# Another lye question



## berkshire bee (Jan 28, 2007)

Brandy, Since no one has replied, I tried to find an answer for you. In the soapmaker's companion there are a couple of sections that mention troubleshooting lye problems. One says that there are sometimes flecks that float on the surface of the lye/water mixture. These are caused by sodium hydroxide reacting with carbon dioxide in the airto form sodium carbonate,occur more readily in cooler conditions, and dont affect the quality of the finished soap. It also mentioned that higher grades of sodium hydroxide help keep this to a minimum.
It sounds like this might be your problem. Are you using all of the following: proven recipes, quality lye, distilled water, and an accurate scale for weighing?

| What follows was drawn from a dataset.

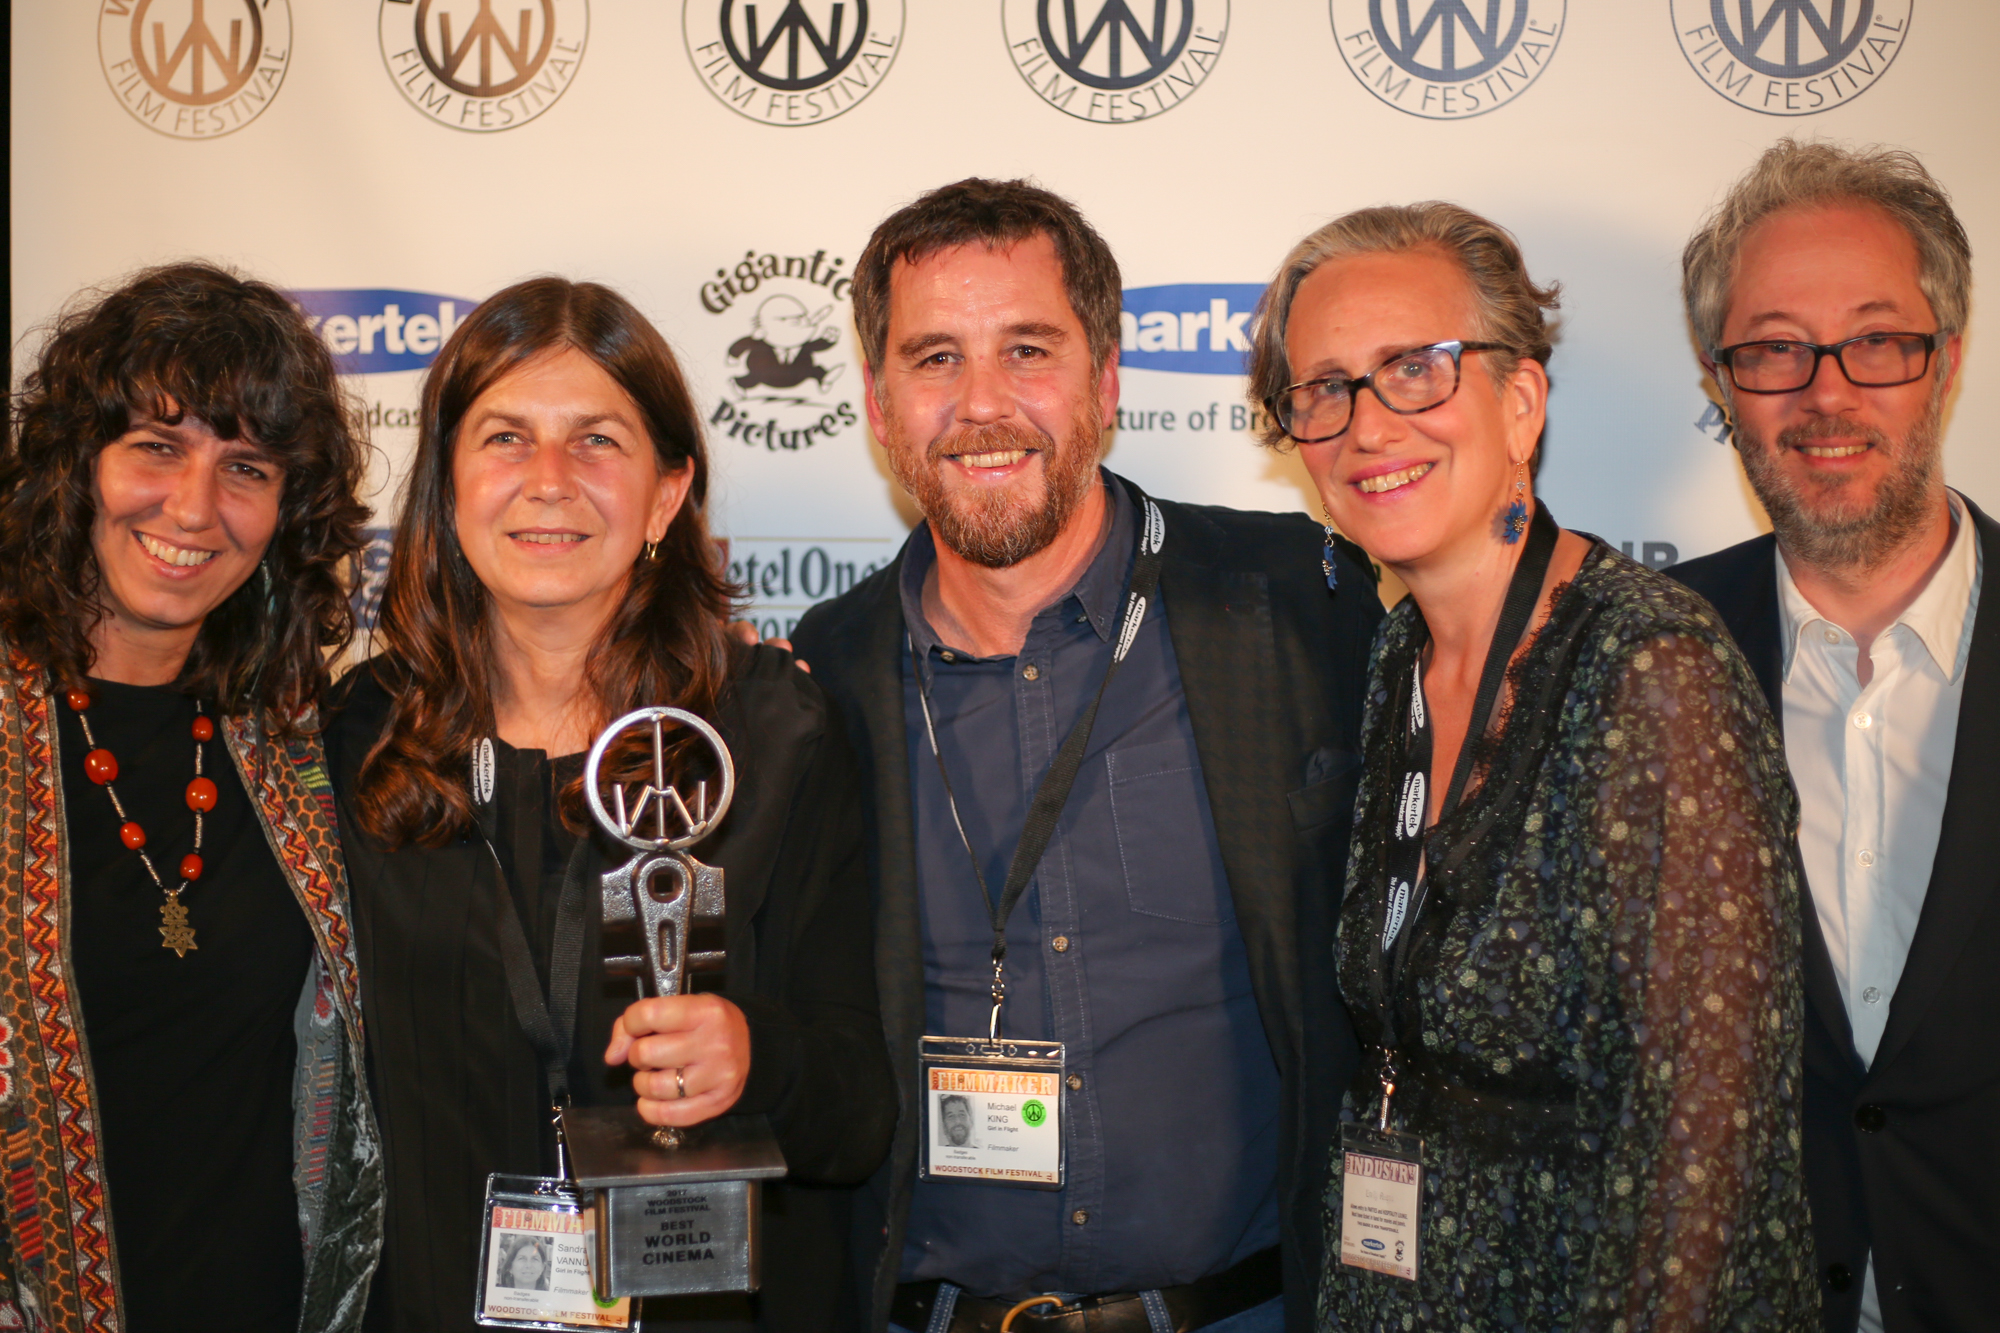 The jurors with Michael King and Sandra Vannucchi, GIRL IN FLIGHT winner of the World Cinema Award at the 2017 Woodstock Film Festival Maverick Awards

"The Soapmaker's Companion" by Susan Cavitch is almost a necessity to have. It's soft cover, 281 pages, published by Storey Communication and is only $18.95


----------



## Brandy (Dec 3, 2005)

Thanks for the reply and I think I've solved the problem for now. Don't know if others are interested, but I was using the minimum amount of distilled water with my lye to start out with. But I've upped that by about 1-2 oz. and it seems at this point that with the extra water it's absorbing and dissolving the crystals better. Before I think the water may have reached it's saturation point. Just a thought, but for now it's dissolving better.


----------



## Ruben (Feb 11, 2006)

I'm not an expert by no means but my wife makes and sells soap and I know she gets the same results as you with a few granulates left. In the cold prcess method it must cook out in the chemical change that takes place and then the 8 week cure time before using the soap. I have never seen a problem in the years I have been using it, and it is all I use.


----------